Caring for yourself or your loved one
The prevalence of diabetes rises with age and is more common in men than in women. However, it is important to understand that the risk of developing Type 2 diabetes can be reduced. Simple lifestyle changes, such as increased exercise and following a balanced diet, can go a long way to improve not only your general health, but reducing your chances of getting the condition.
Diabetes UK [https://www.diabetes.org.uk/] provides some excellent resources to help people who live with the condition to understand and manage it. Their goals are to find better treatment for the disease and ultimately, a cure.
The latest Diabetes UK research project led by Professors Roy Taylor and Mike Lean with patients following a very low-calorie diet over a 12-week period has shown some exciting results. The study [https://www.diabetes.org.uk/research/research-round-up/research-spotlight/research-spotlight-low-calorie-liquid-diet] found that almost half of the people who took part in the diet and weight management programme which was administered by their GP put their diabetes into remission.
How you can get support
It is important to reach out and talk to someone; dealing with diabetes can be difficult, but help can be found in many places:
Our director, Kieron Brennan, is chairman of the Tunbridge Wells, Tonbridge and Sevenoaks branch of Diabetes UK, a voluntary group that supports those in the area living with the condition and their relatives to manage it effectively.

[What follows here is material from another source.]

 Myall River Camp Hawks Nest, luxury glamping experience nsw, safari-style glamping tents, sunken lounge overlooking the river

This local group arranges meetings that are free to attend and open to everyone, recently covering topics such as:
- Eye health with Dr Deacon Harle, a Fellow of the College of Optometrist.

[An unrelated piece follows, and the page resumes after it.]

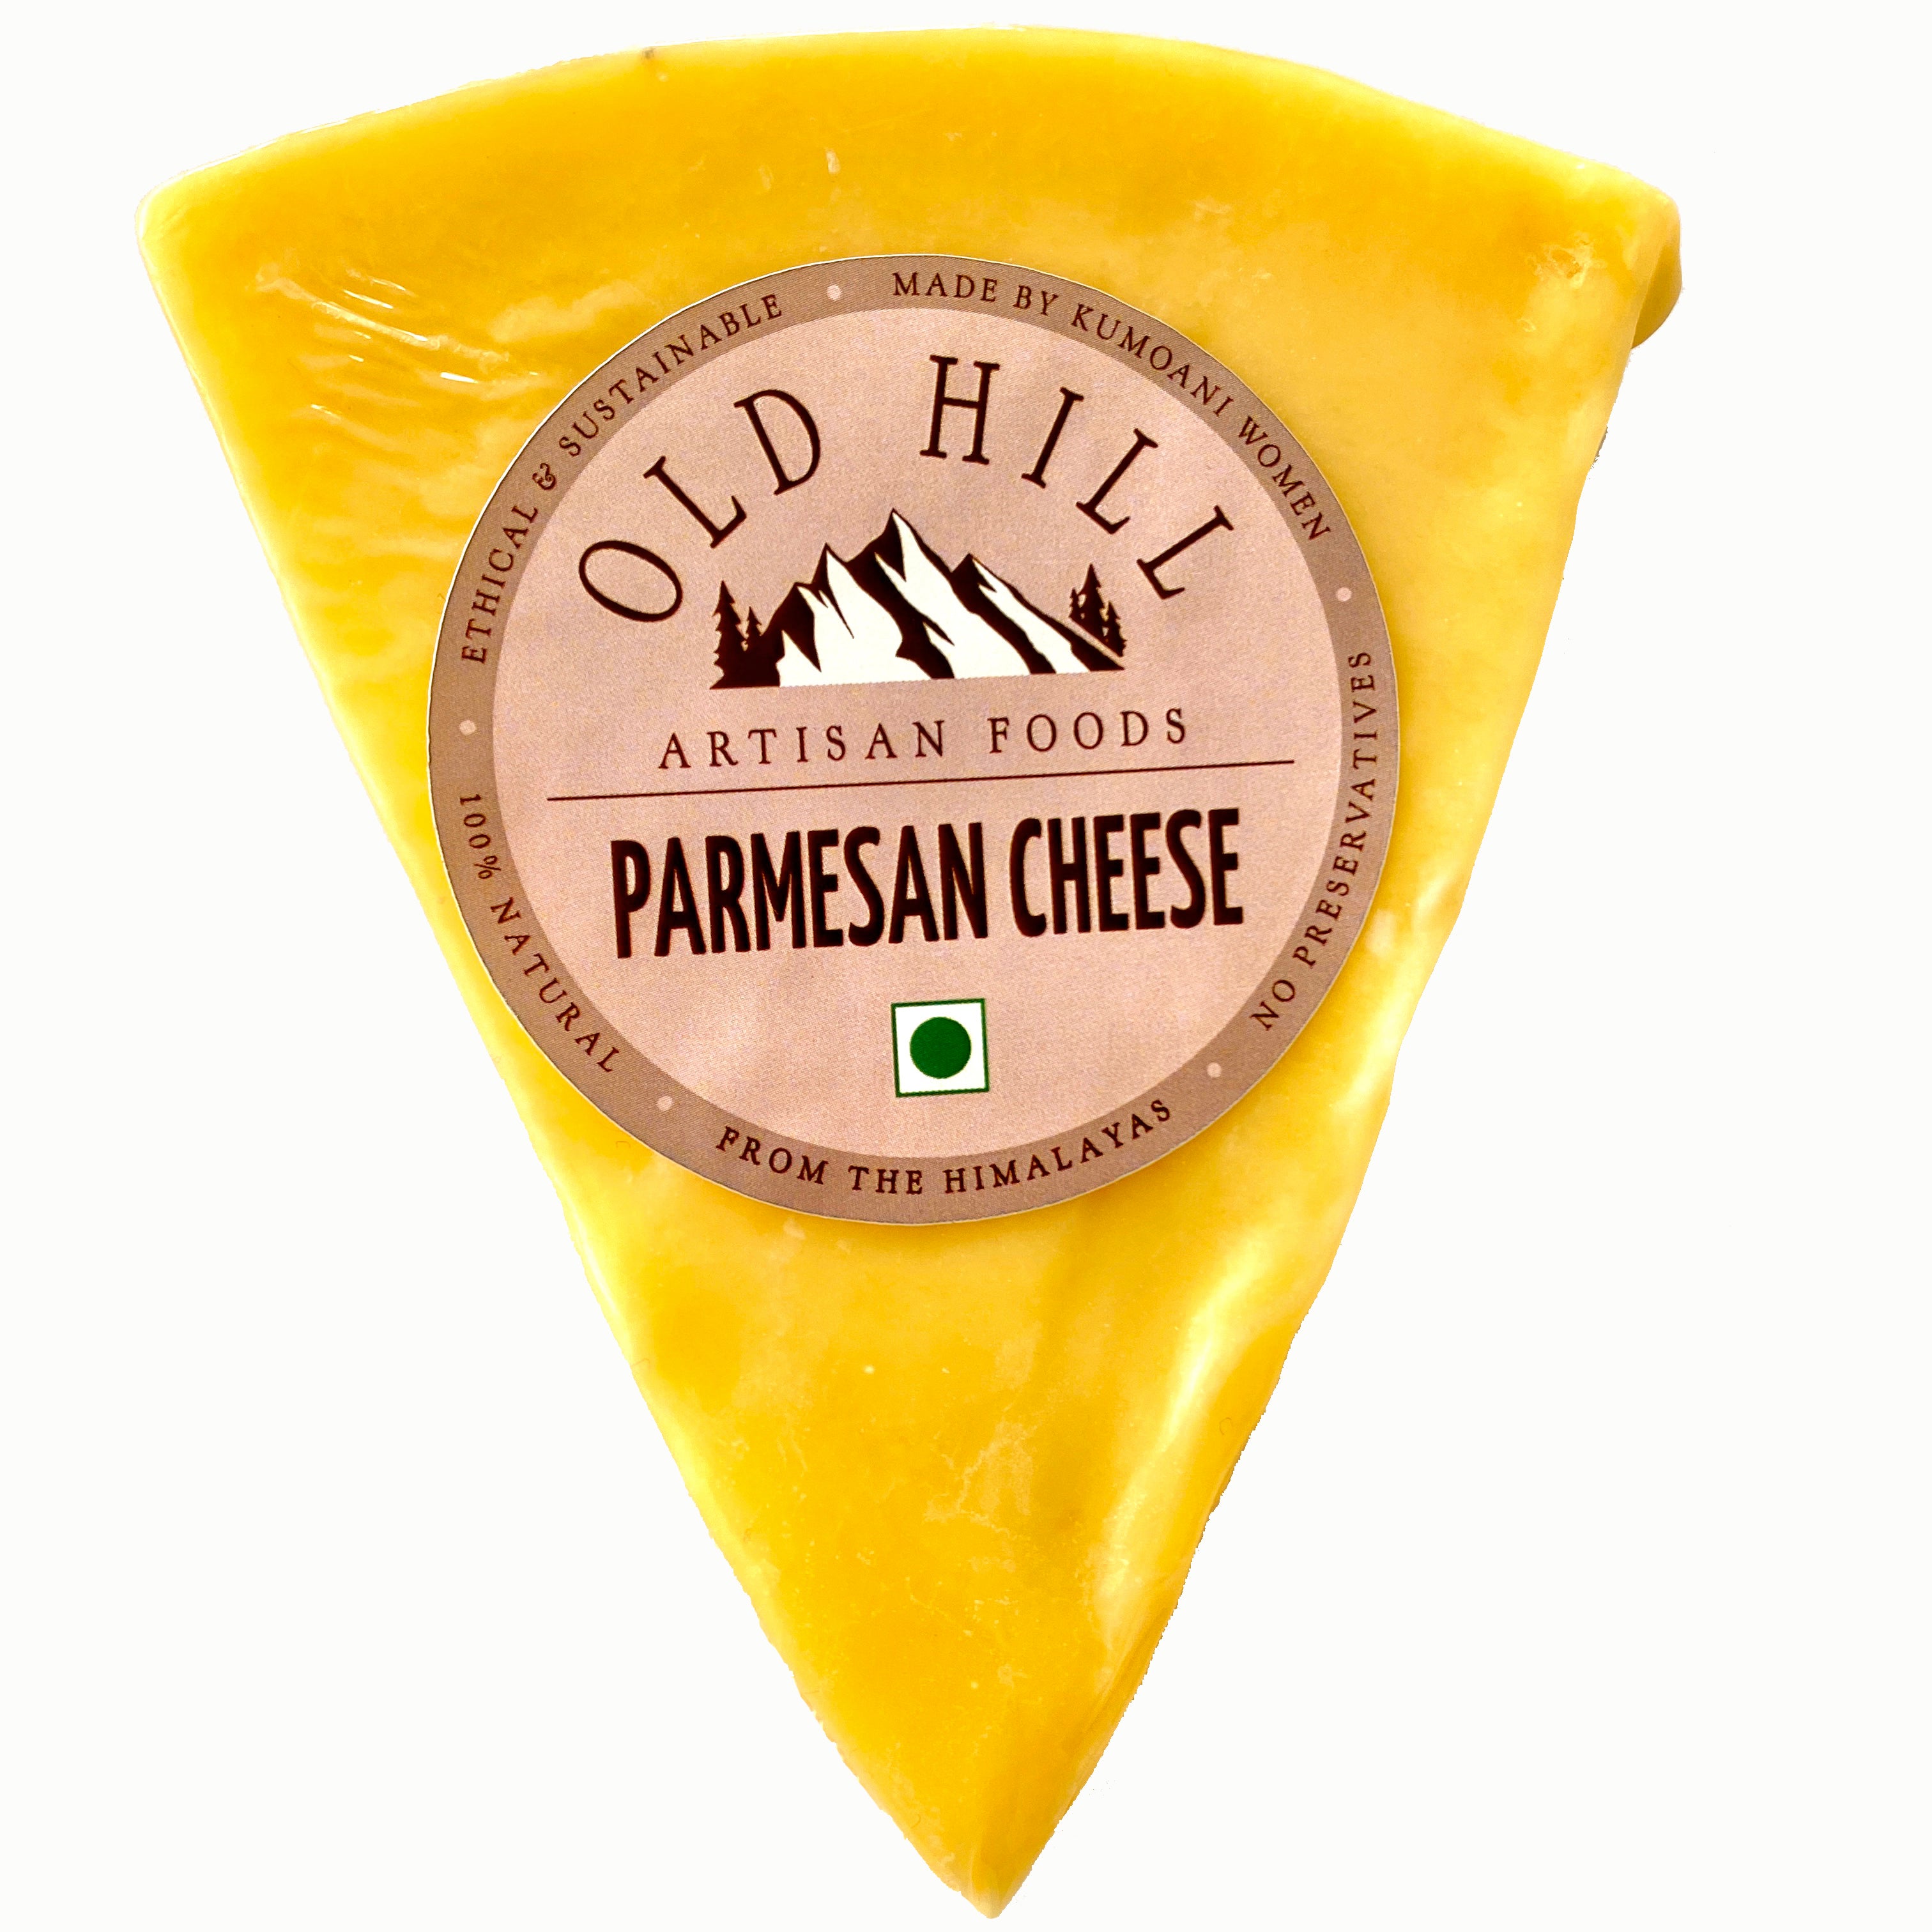 CHEESE - PARMESAN (Old Hill)

- Changes to how local diabetes care is being delivered with Dr Masud Haq, Clinical Lead in Diabetes and Endocrinology, and Julia Azile, diabetes Specialist Nurse from Maidstone and Tunbridge Wells NHS Trust.
On the 13th November, the day before World Diabetes Day, the Tunbridge Wells, Tonbridge and Sevenoaks branch of Diabetes UK will welcome Sarah Watts, Specialist Diabetes Podiatrist from the Kent Community NHS Trust, to talk to us about "Putting Feet First: looking after your feet". Anyone who is interested is welcome to join us.
Kieron has shared his expertise in the field with the All About Home Care carers, so they can also deliver the right support for our elderly home care clients in Tunbridge Wells, Tonbridge and Sevenoaks who have diabetes to keep the condition under control.
It is possible to live well with diabetes. Showing support can go a long way to make people feel better about their condition, and simple lifestyle changes can help to reduce the effects of Type 2 diabetes. Remember there is always someone to talk to.